INFORMATION PROVIDED

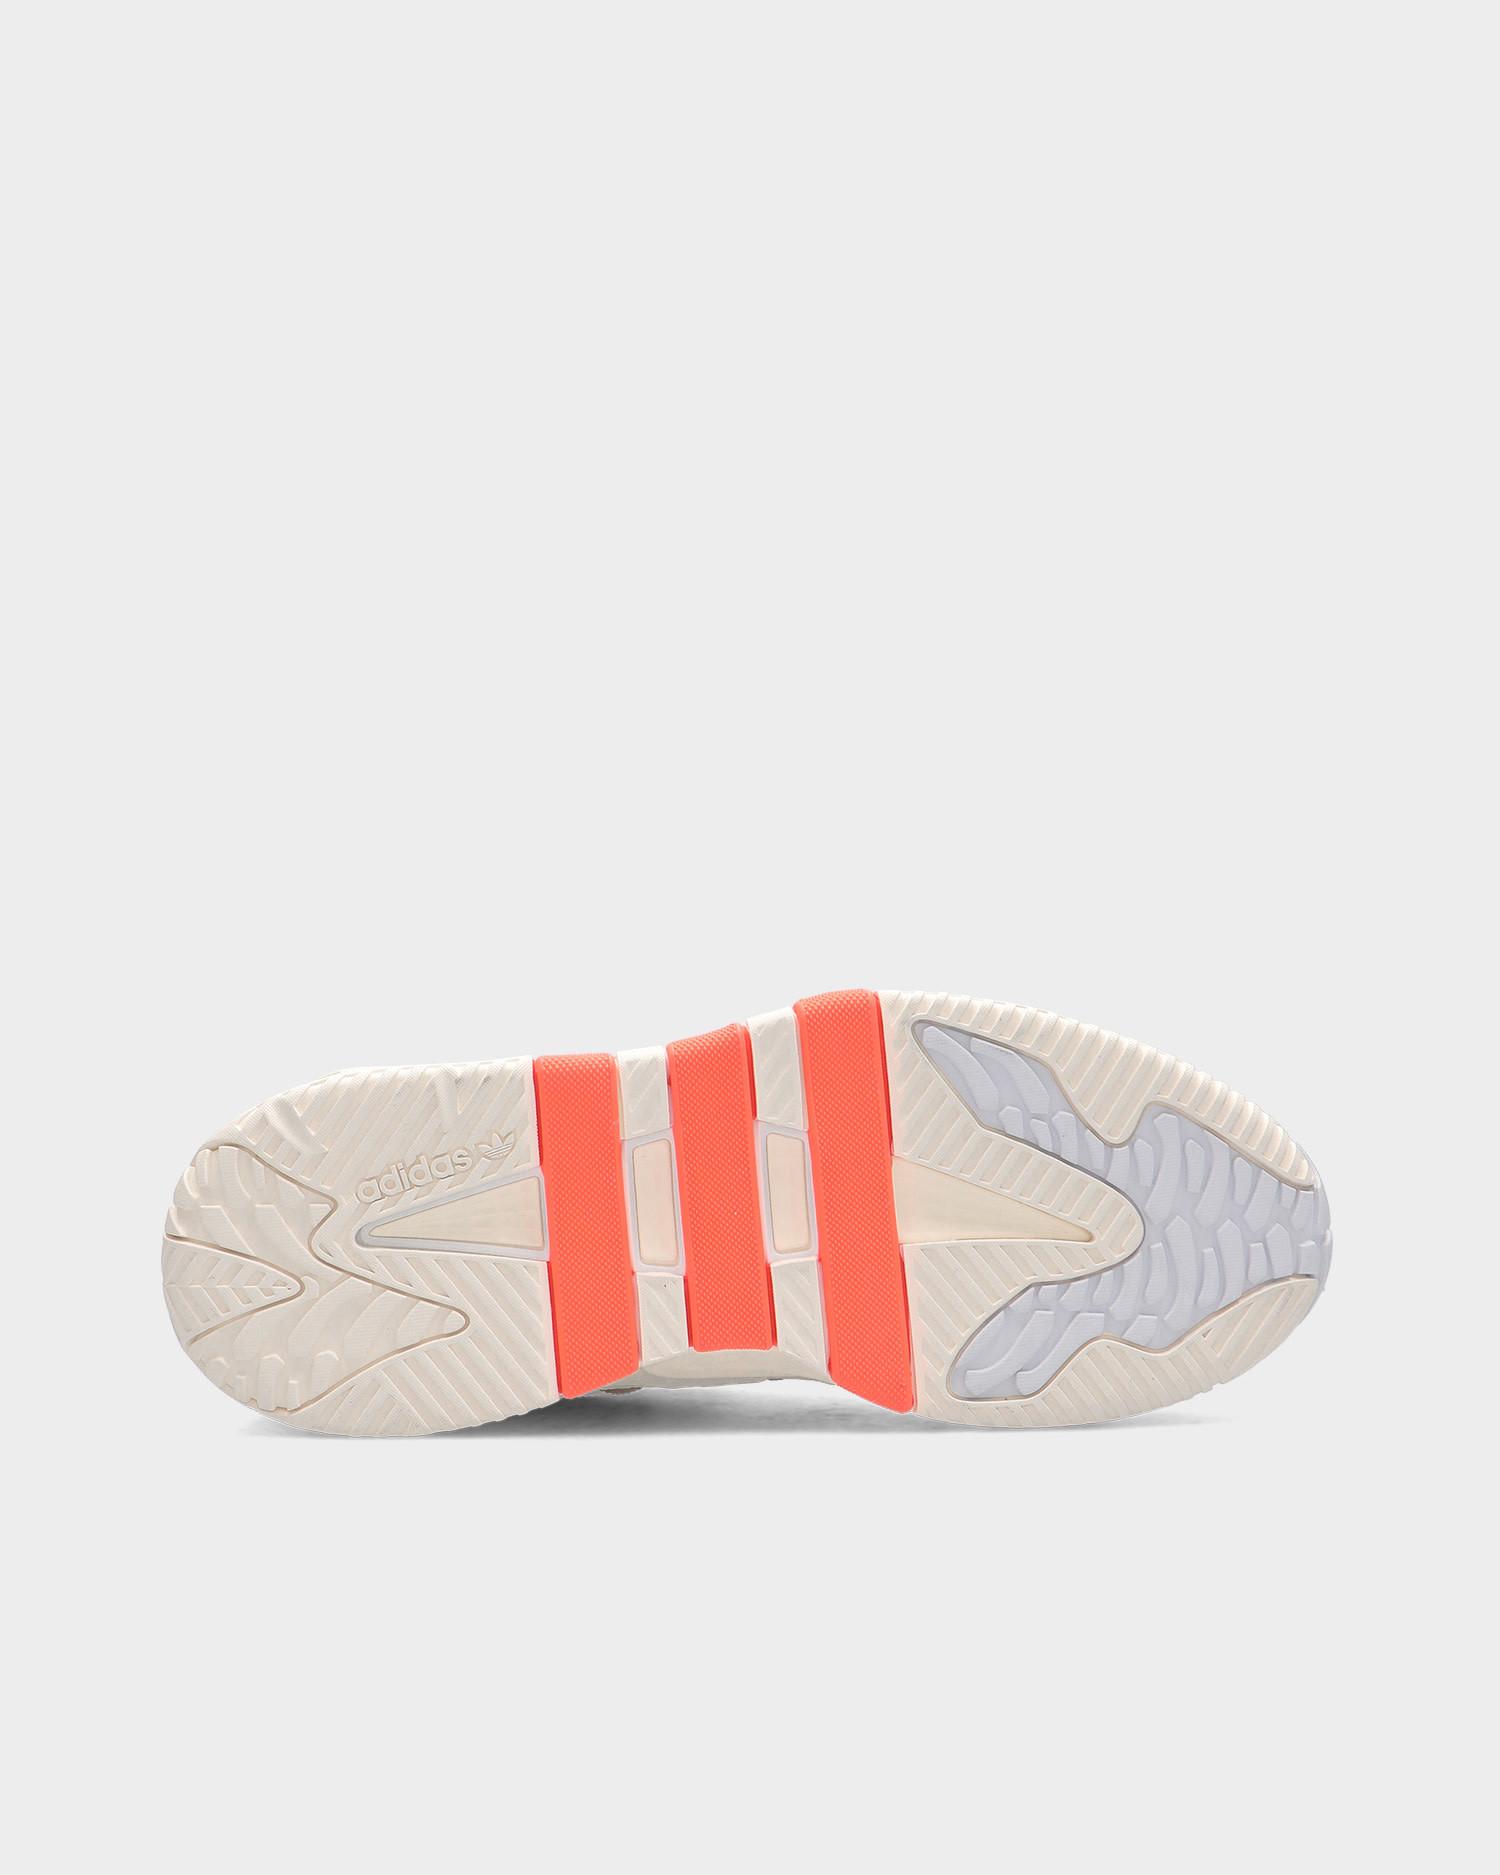 Adidas Niteball Greon/Cwhite/Ftwwht
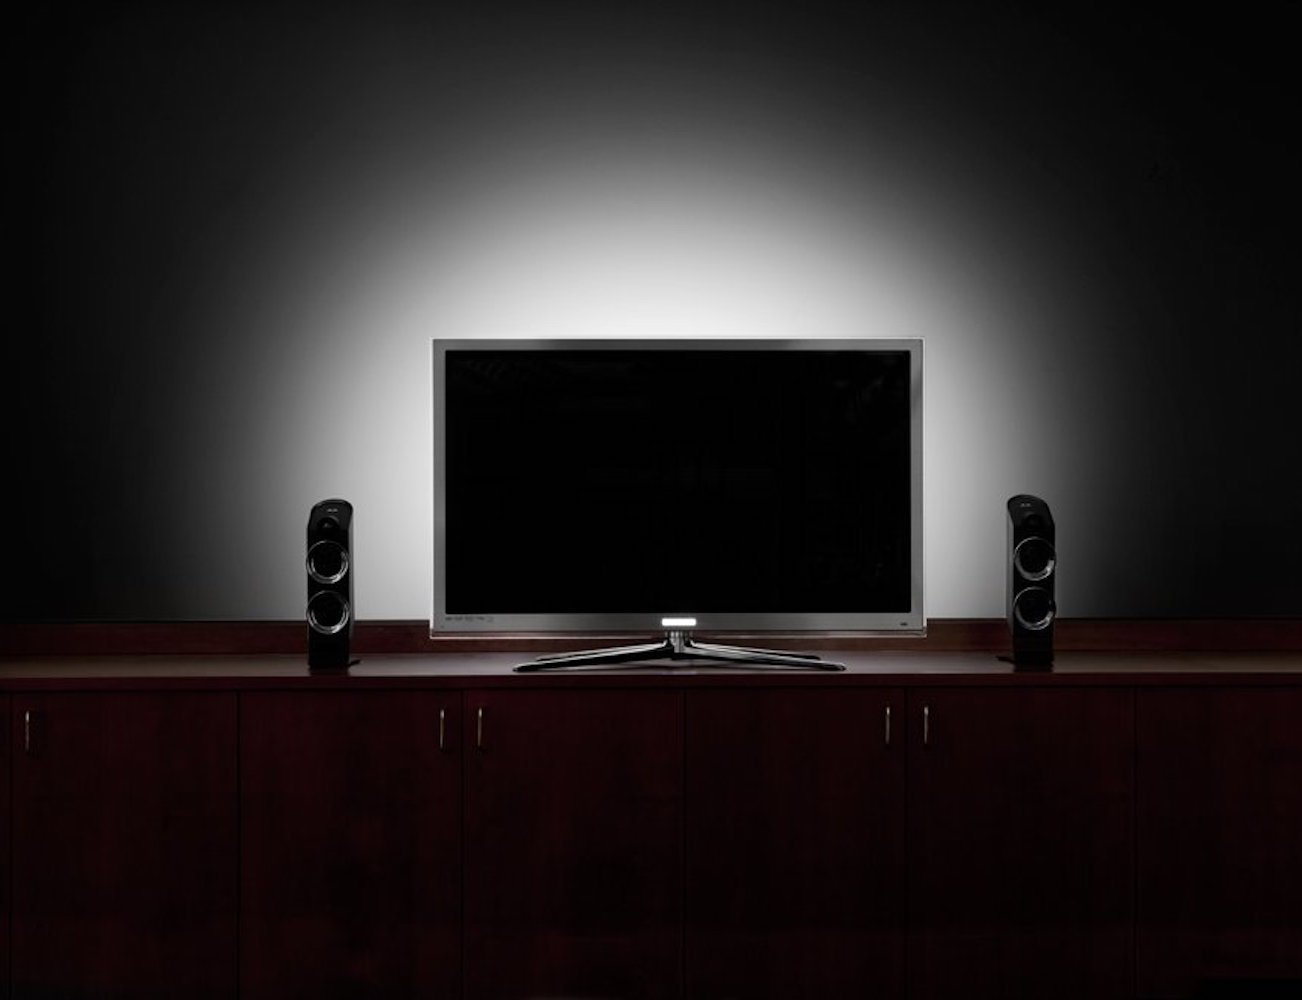 Antec+USB+Powered+HDTV+Bias+Lighting
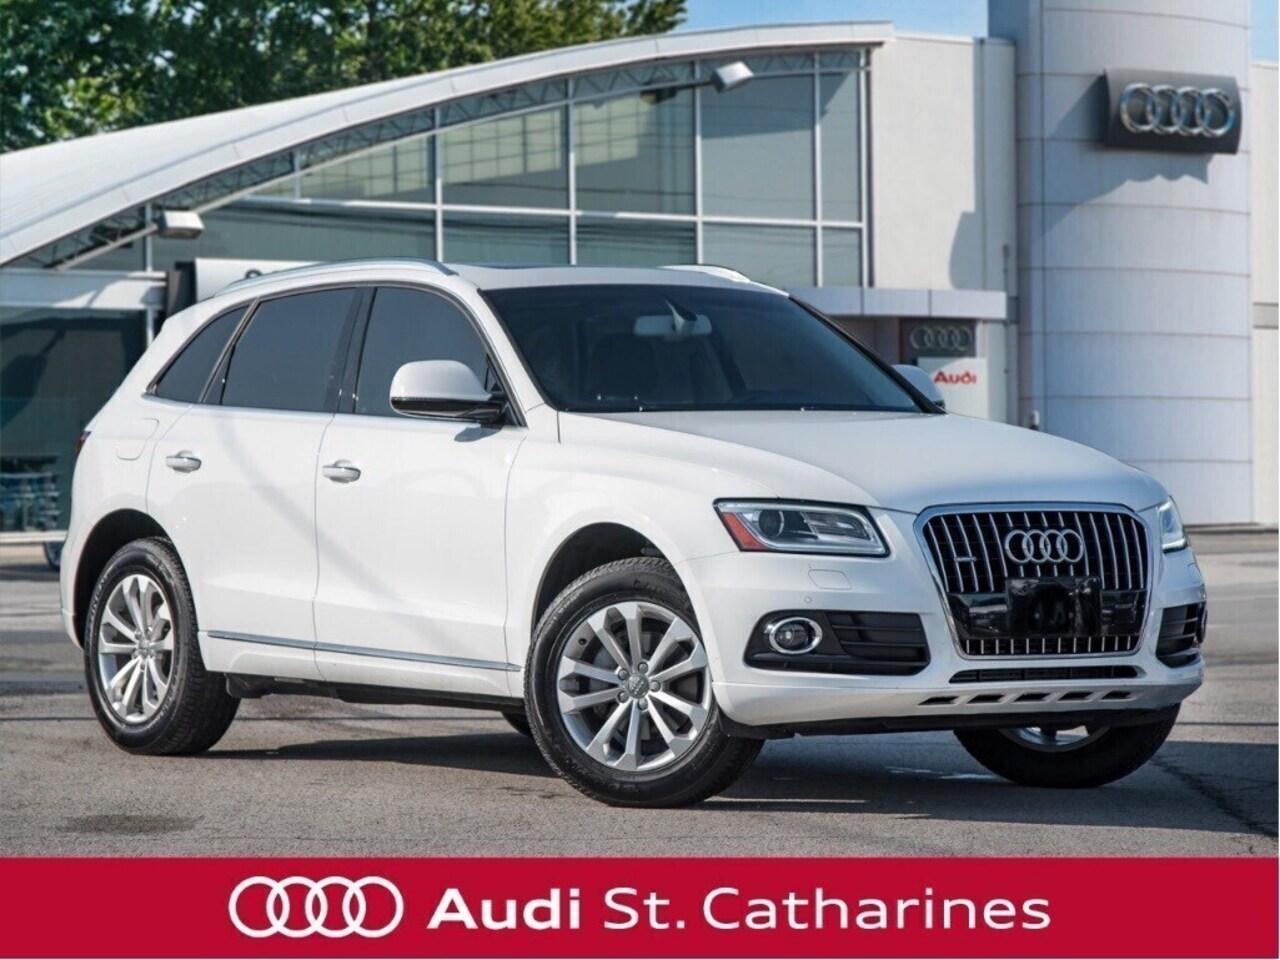 2016 Audi Q5 AUDI CERTIFIED: PLUS! 1 OWNER - NAVI ! SUV
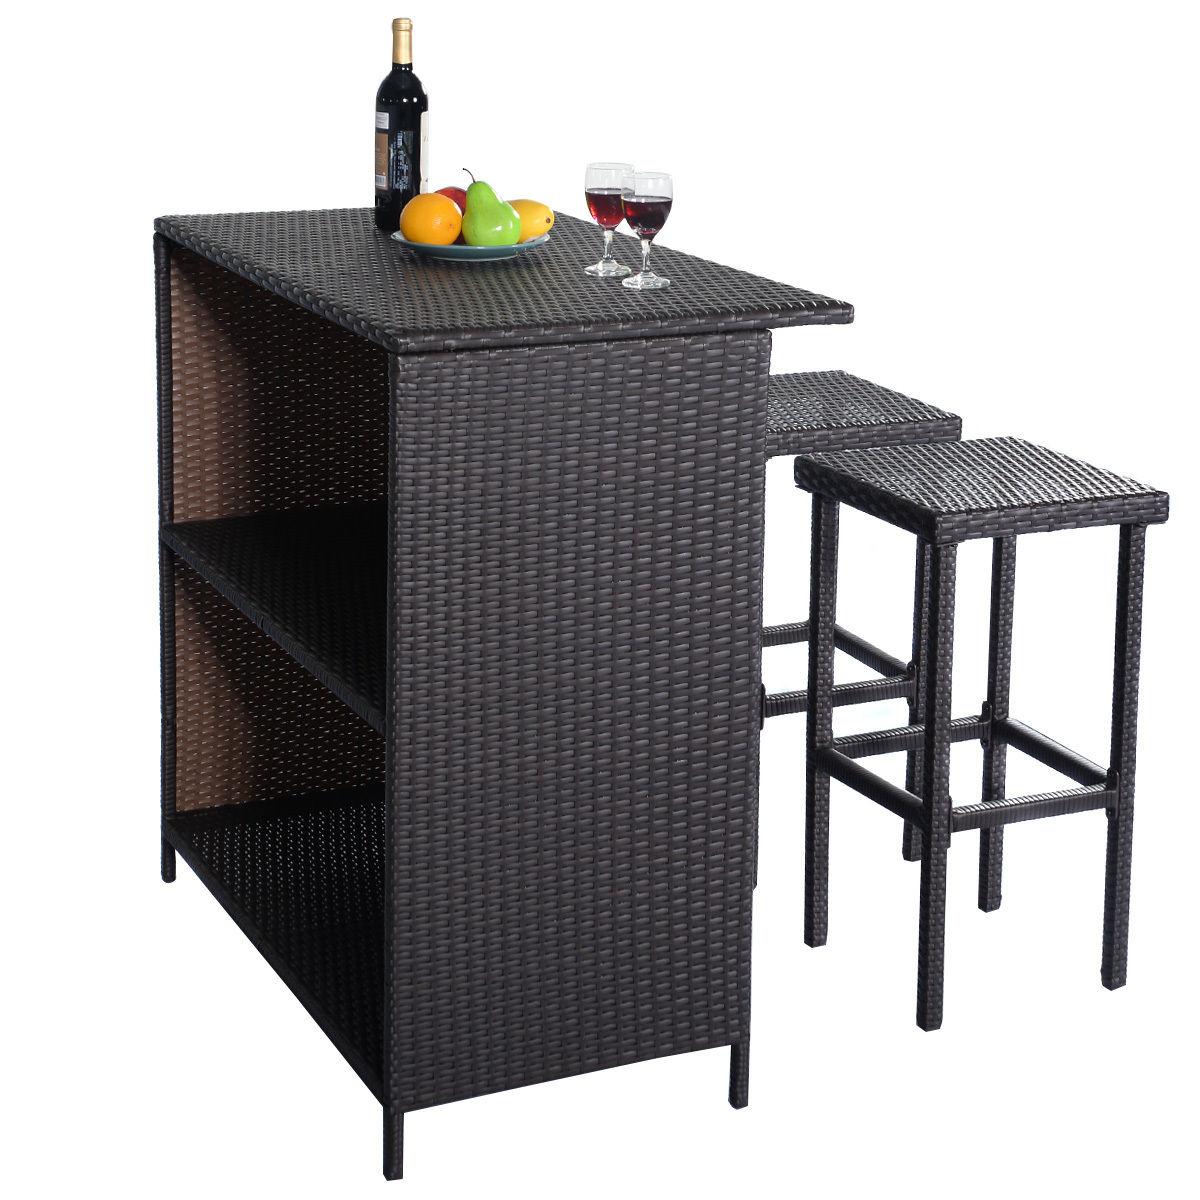 Costway 3PCS Rattan Wicker Bar Set Patio Outdoor Table & 2 Stools Furniture Brown 2

EXERCISE PROMPT
Set down the material above as is, without any pictures.

EXERCISE RESPONSE
 Adidas Niteball Greon/Cwhite/Ftwwht
 Antec+USB+Powered+HDTV+Bias+Lighting
 2016 Audi Q5 AUDI CERTIFIED: PLUS! 1 OWNER - NAVI ! SUV
 Costway 3PCS Rattan Wicker Bar Set Patio Outdoor Table & 2 Stools Furniture Brown 2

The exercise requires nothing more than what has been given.